В Бога веруем (Фигль-Мигль) - страница 24


о косах

Лиза останавливается у окна и угрюмо крутит прядь волос. (Мадам приспичило, чтобы у ребенка были косы. Косы — дело хорошее, но хотелось бы, чтобы хорошее было также и добровольным. У тебя чудесные волосы, увещевала Мадам, прекрасного пепельного цвета, очень редкого. Лиза эти чудесные волосы расчесывала с таким остервенением, что даже Евгений вспомнил семейные предания и слабо возвысил голос. Мог бы, разумеется, не беспокоиться.) За окном синеет и чернеет, и скованный льдом парк (ветви деревьев черные, как ресницы) гравюрой проступает в жирном желтом свете фонарей. В окрестных домах сияют витрины первых этажей и слабо теплятся окна повыше. Что-то сухое, невесомое медленно падает с неба на сухой холодный асфальт, струится в его трещинах, замирает. Девочка стоит у окна и смотрит, как наступает зима.

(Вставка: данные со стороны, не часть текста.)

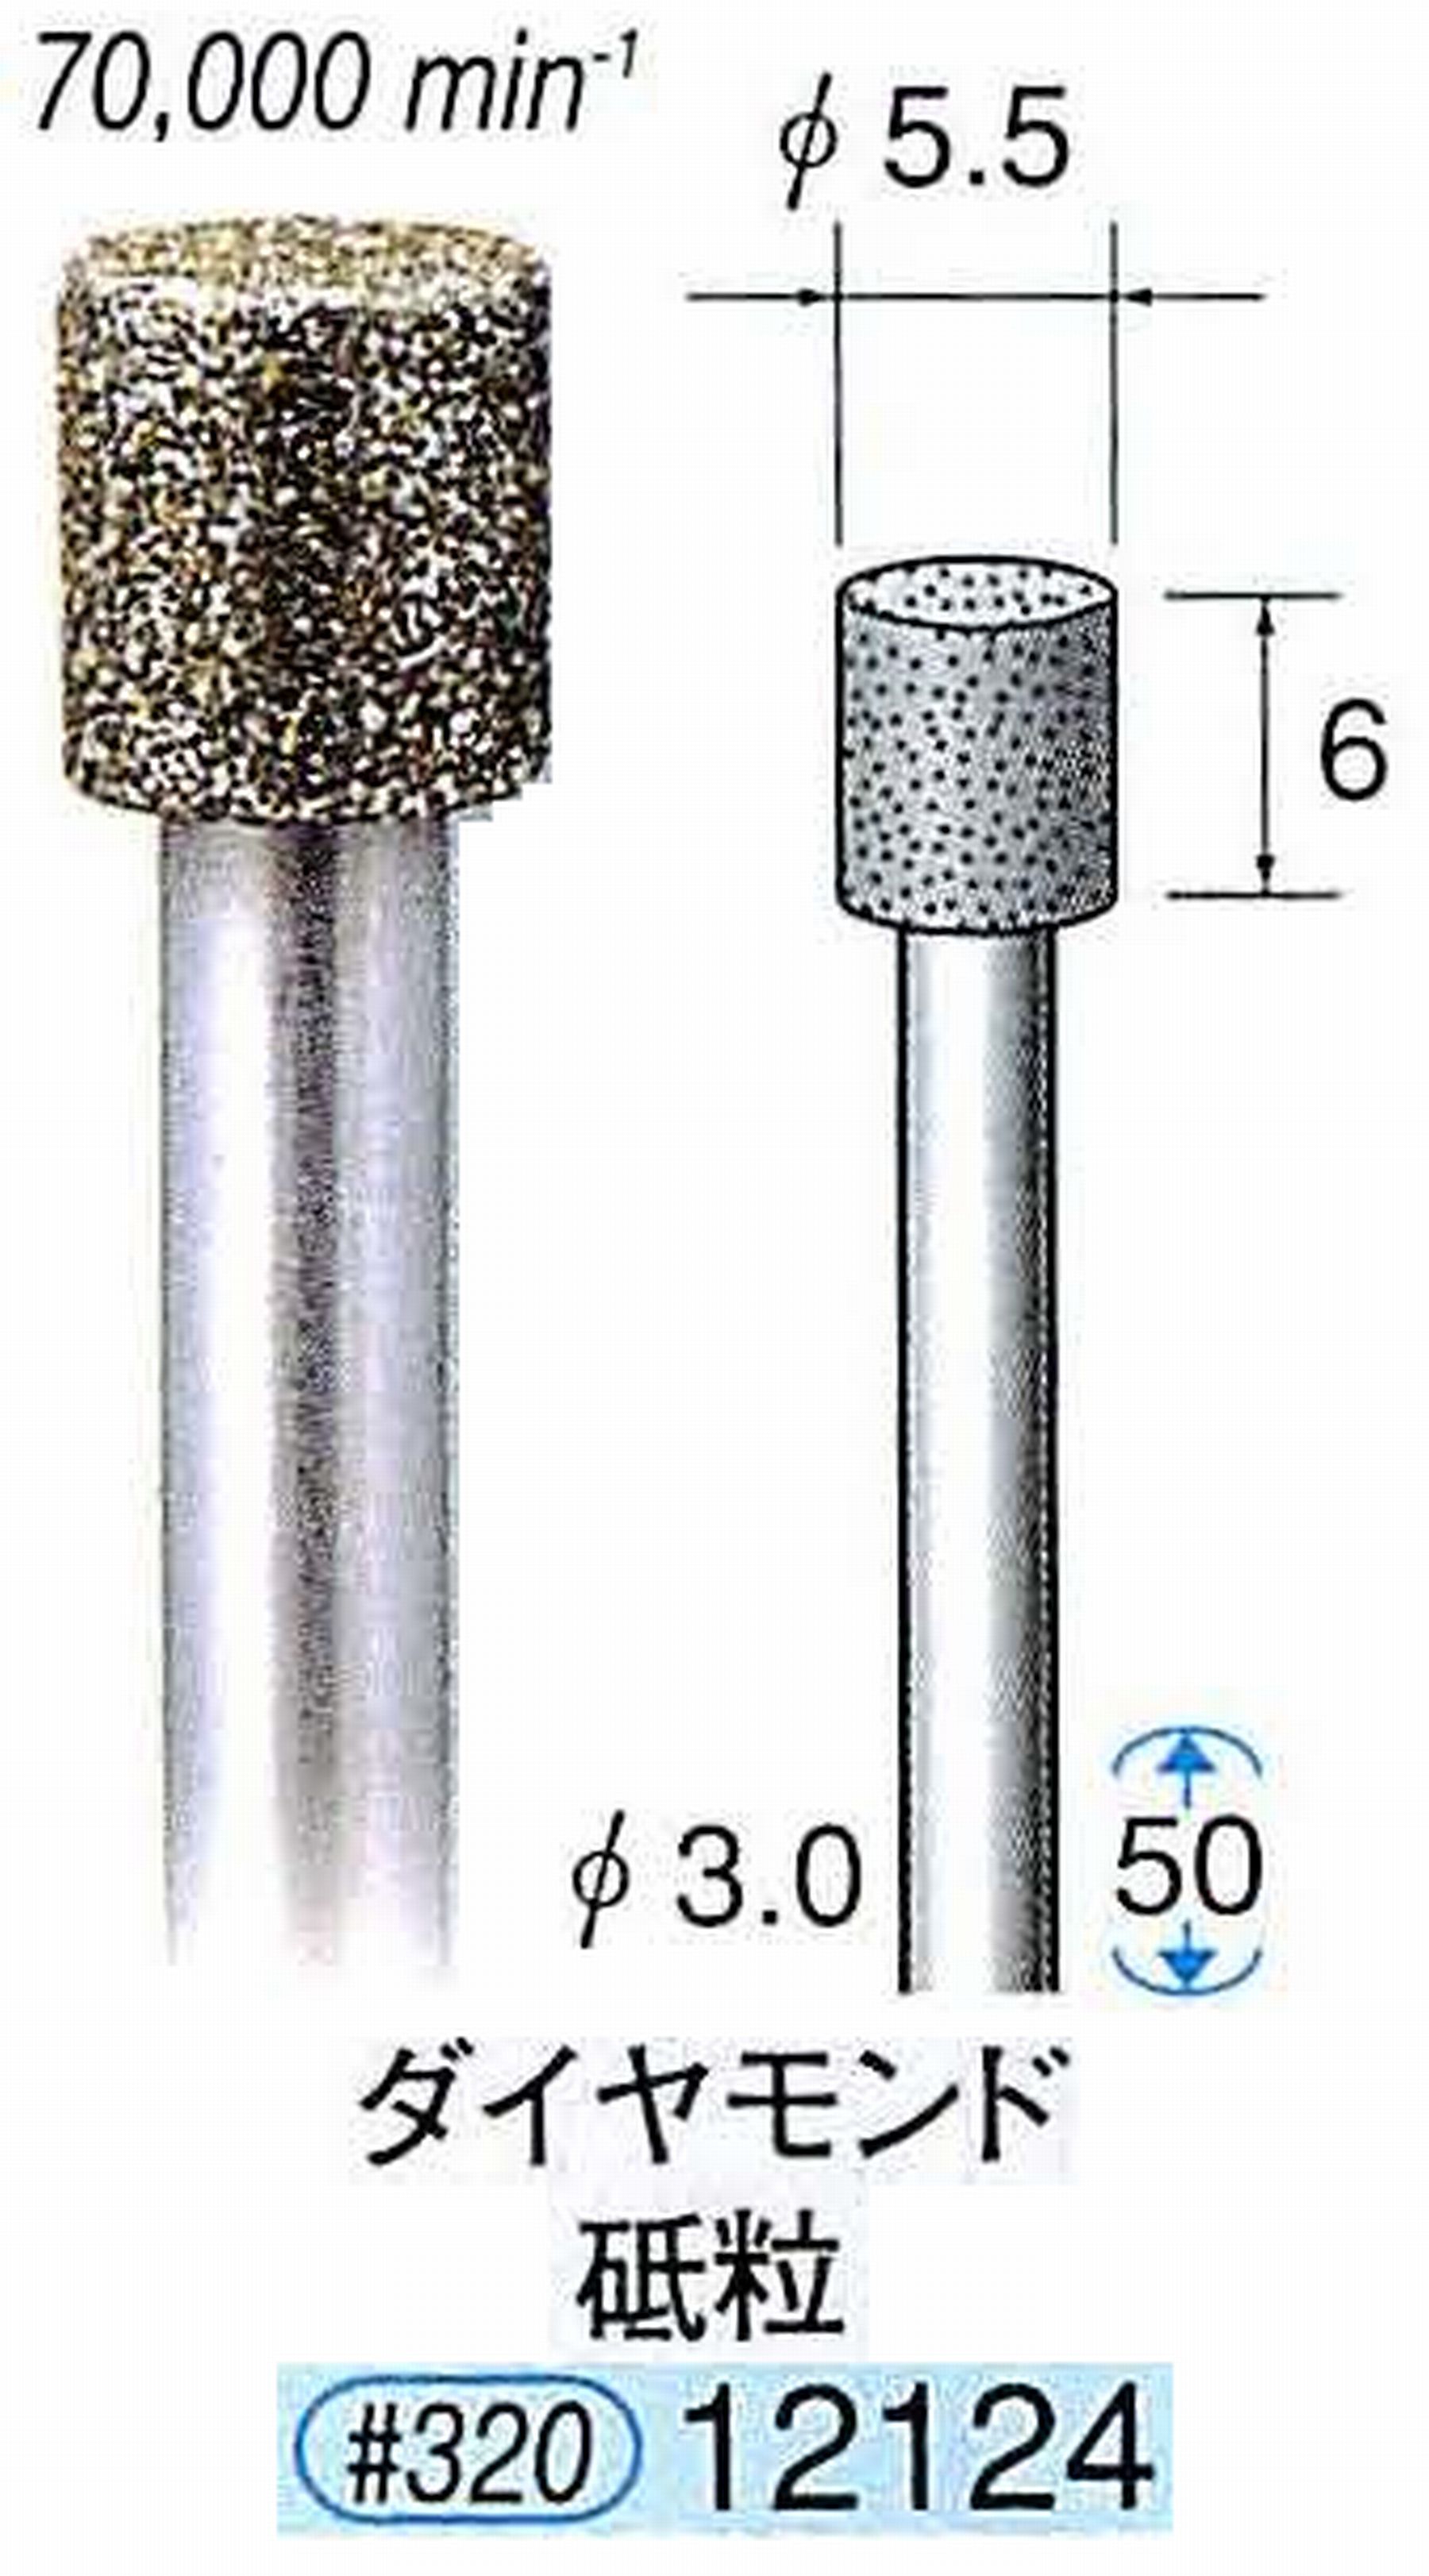 ナカニシ/NAKANISHI 電着ダイヤモンド ダイヤモンド砥粒 軸径(シャンク)φ3.0mm 12124

И вот наступила пушистая зима. Дни стали короткие, как спички, а ночи — ледяные, как купленный на улице апельсин. (А знаете, жалко, что апельсины продают теперь круглый год, утрачивается чувство смены сезонов. Когда Евгений — и Негодяев — и даже Мадам — и, может быть, вы, дорогой друг, — были маленькими, апельсины существовали в прочном ассоциативном ряду снег-елка-каникулы, и еще — черное утреннее небо в первый учебный день третьей четверти. О ненавистная третья четверть, ледяная, нескончаемая! Как жестоко и быстро она вытравливала из жизни острый и сладкий оранжевый запах каникул.)

Покатились сани зимы, неуклюжий дедовский возок зимних месяцев. Первый снег — пушистый, праздничный — быстро затерялся в растущих сугробах, потерял цвет: вот так собака белой масти, хамелеон северного города, постепенно приобретает тон грязных улиц, серого снега. Его ненавидишь, этот уже мертвый снег, но он всюду, он лезет белой гадостью — в глаза, колючим дробленым льдом — в уши, от него першит в горле. В этом снегу Евгений обрел свое будущее. Он извлек будущее из сугроба, как оброненную кем-то рукопись, и рукопись осталась в его владении.


об Аристиде Ивановиче

Будущее имело вид нелепого старика — маленького, скрюченного, сморщенного, с всклокоченными космами седых волос, в старом пальто — опрятном, но косо застегнутом — и со связкой книг, в которую старик вцепился мертвой хваткой и не выпустил даже тогда, когда Евгений поднимал его и отряхивал.

Евгений поставил свое приобретение на ноги, и тщательно отряхнул, и вынул куски снега из щели между воротником пальто и шарфом, и — посмотрев и подумав — застегнул пальто как положено. Старик молча пыхтел, тяжелая связка книг в его руке прыгала и раскачивалась. Брови — два седых клочка, вздыбленных и лихо загнутых, как крылья на картинке, как усы старого портрета, — придавали лицу выражение, не поймешь какое: то ли удивленное, то ли гневное. А где шапка? — спросил Евгений. Шапка благополучно нашлась в том же сугробе, Евгений и ее отряхнул. И водрузил — такой порыжелый пирожок из неизвестного материала. Шапки подобного фасона — но не качества — когда-то обильно украшали высокие трибуны, и почему-то всегда над ними кружил снег: наверное, так полагалось. А как они выглядят сейчас, трибуны? Прилично выглядят, в таком общеконсервативном стиле, не отличишь от всей Европы, если на лица не смотреть. А впрочем, какие лица… мы же видим их только на экране телевизора — как сквозь мутное стекло, гадательно.